_Source data:_
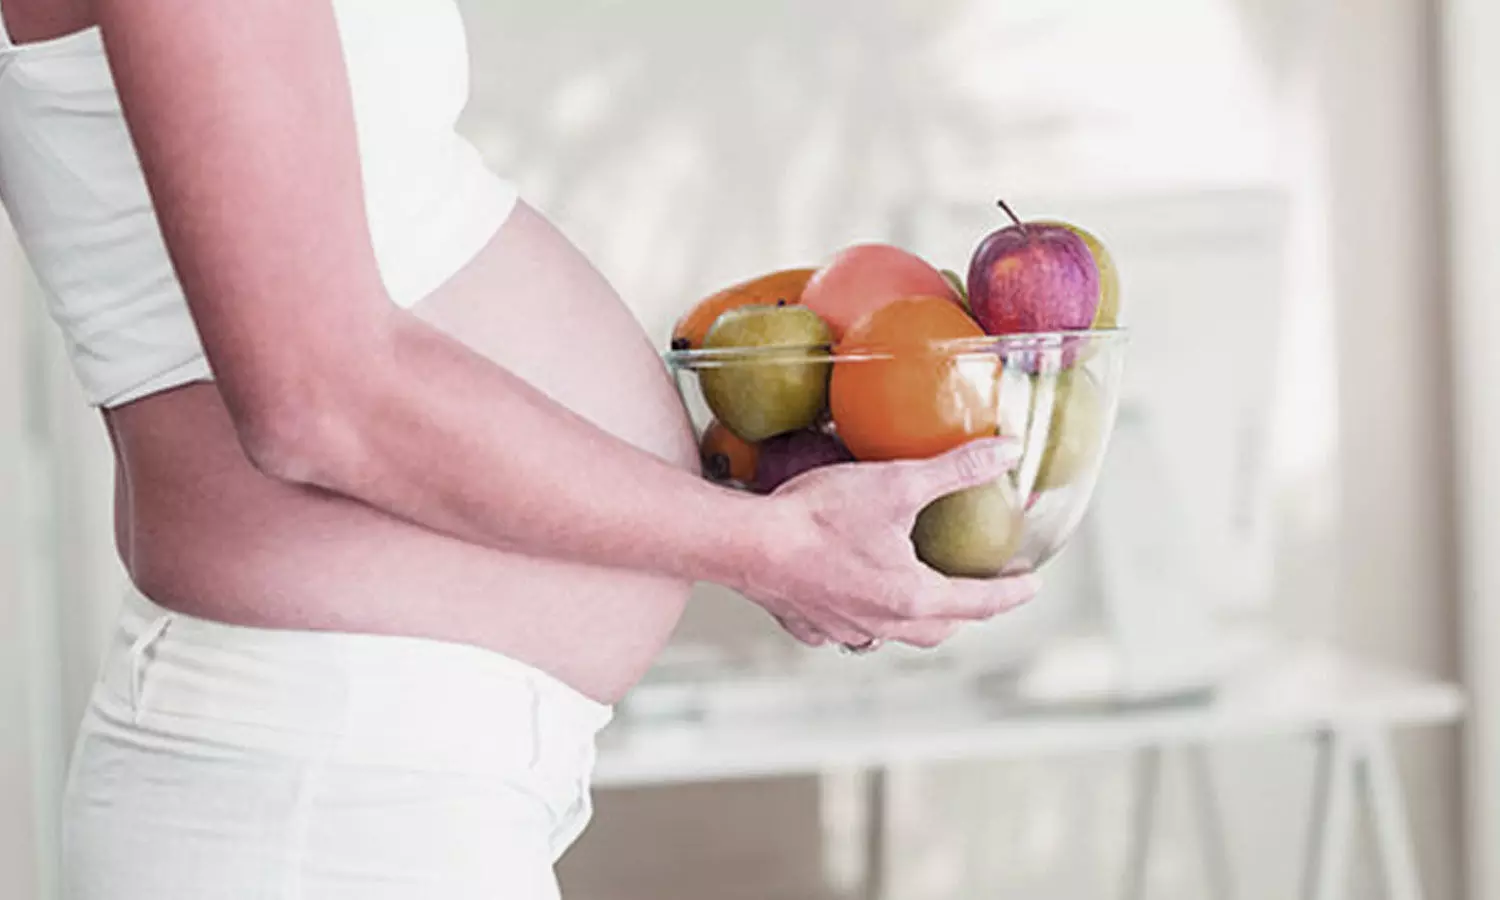 Fruits and vegetable consumption during pregnancy may prevent gestational diabetes: Study
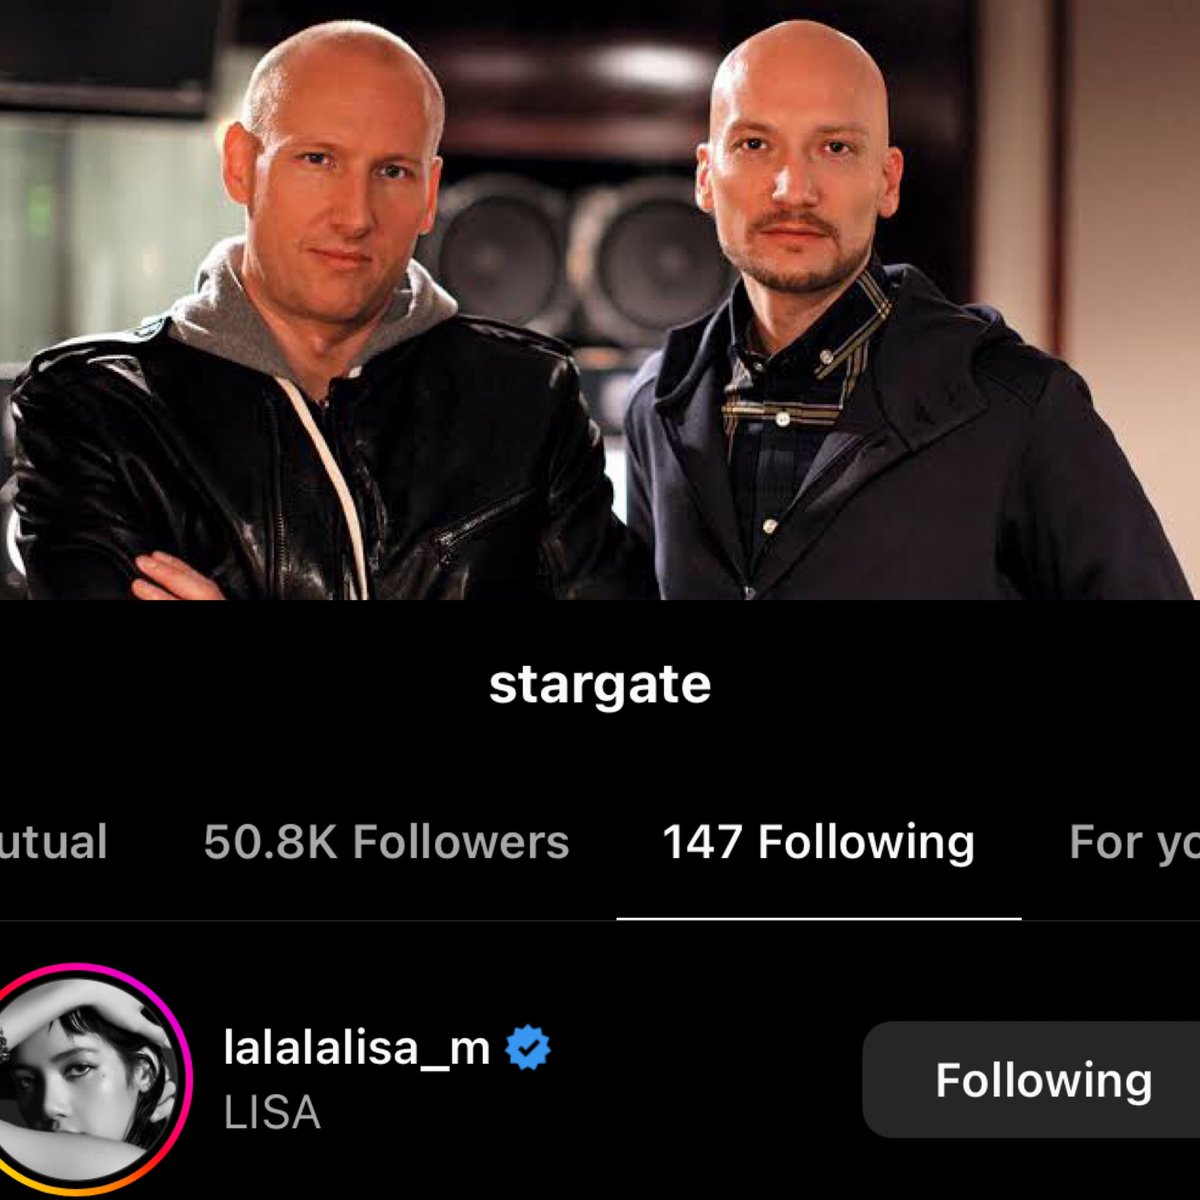 STARGATE (Mikkel Eriksen & Tor Hermansen, songwriter & producer) just followed #LISA on IG. (The team's genres include R&B, pop and hip hop. Since 2006, Norwegian songwriting and production duo Stargate have been storming charts around the world. In the US alone, they have…
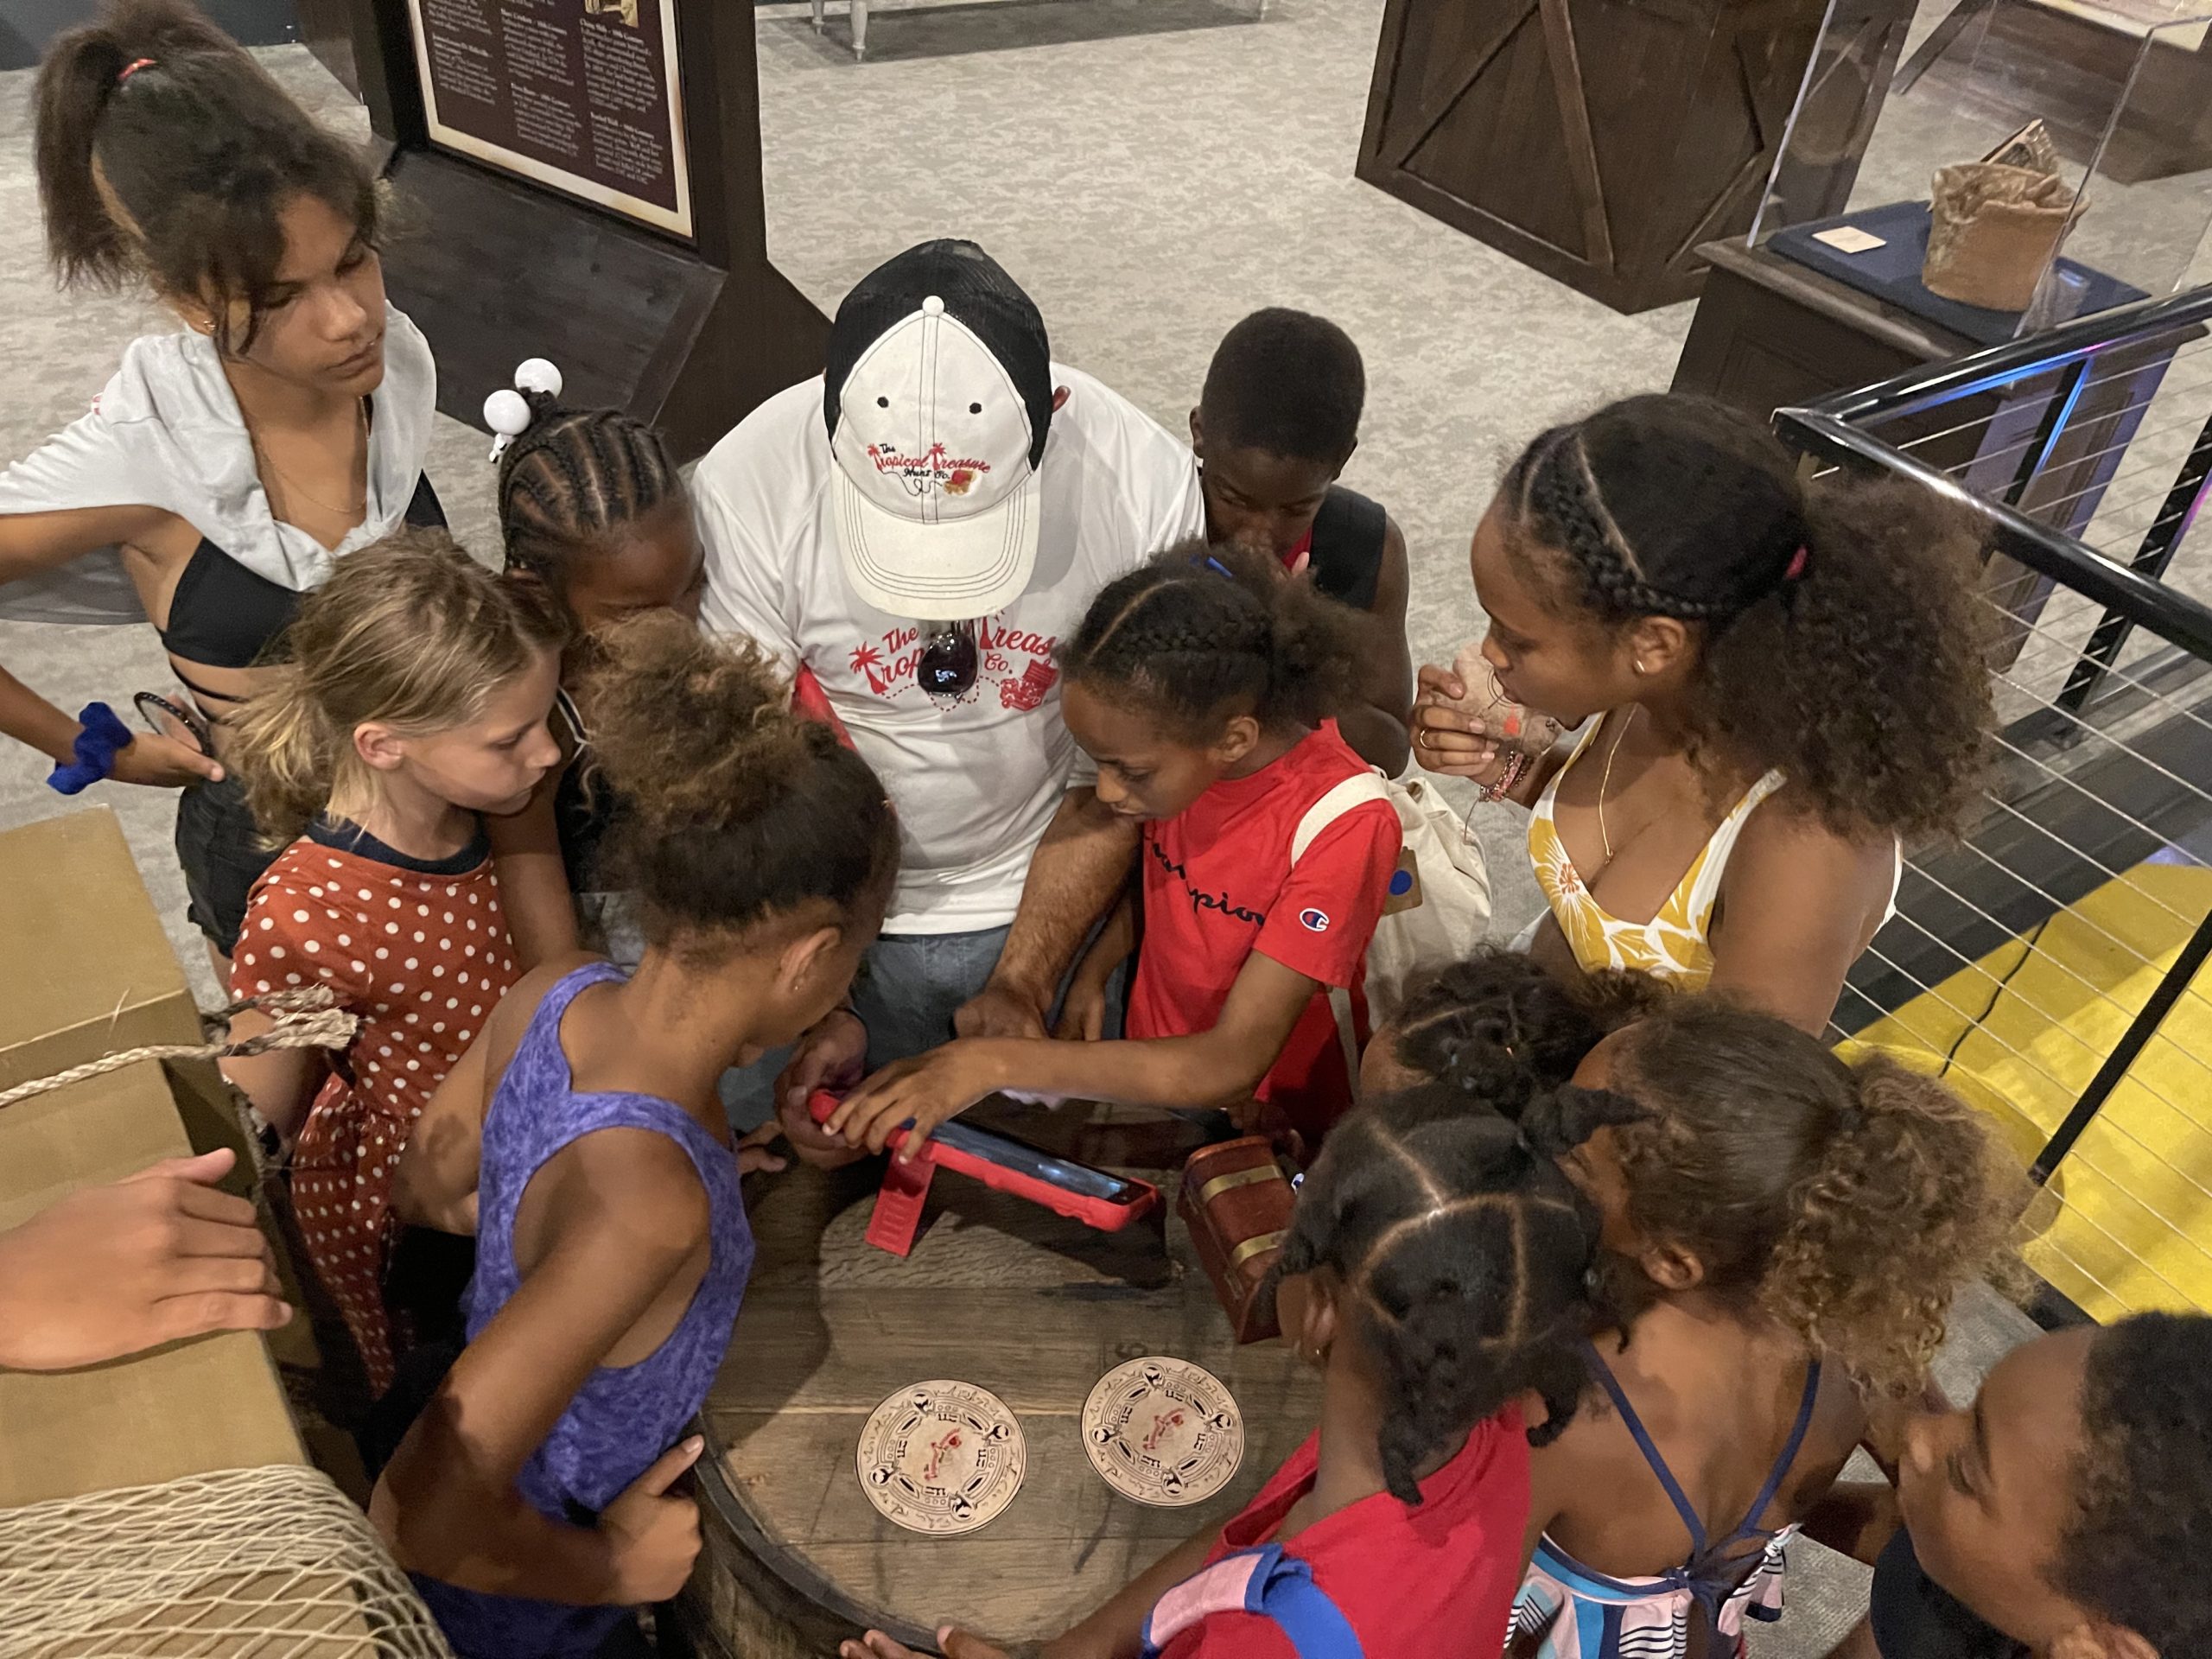 A group of children stands around a barrel with an iPad on top. A man stands in the midst helping the children use the iPad.

_Your assignment:_ The data above should be set down again exactly, with the pictures omitted.

_Exercise output:_
 Fruits and vegetable consumption during pregnancy may prevent gestational diabetes: Study
 STARGATE (Mikkel Eriksen & Tor Hermansen, songwriter & producer) just followed #LISA on IG. (The team's genres include R&B, pop and hip hop. Since 2006, Norwegian songwriting and production duo Stargate have been storming charts around the world. In the US alone, they have…
 A group of children stands around a barrel with an iPad on top. A man stands in the midst helping the children use the iPad.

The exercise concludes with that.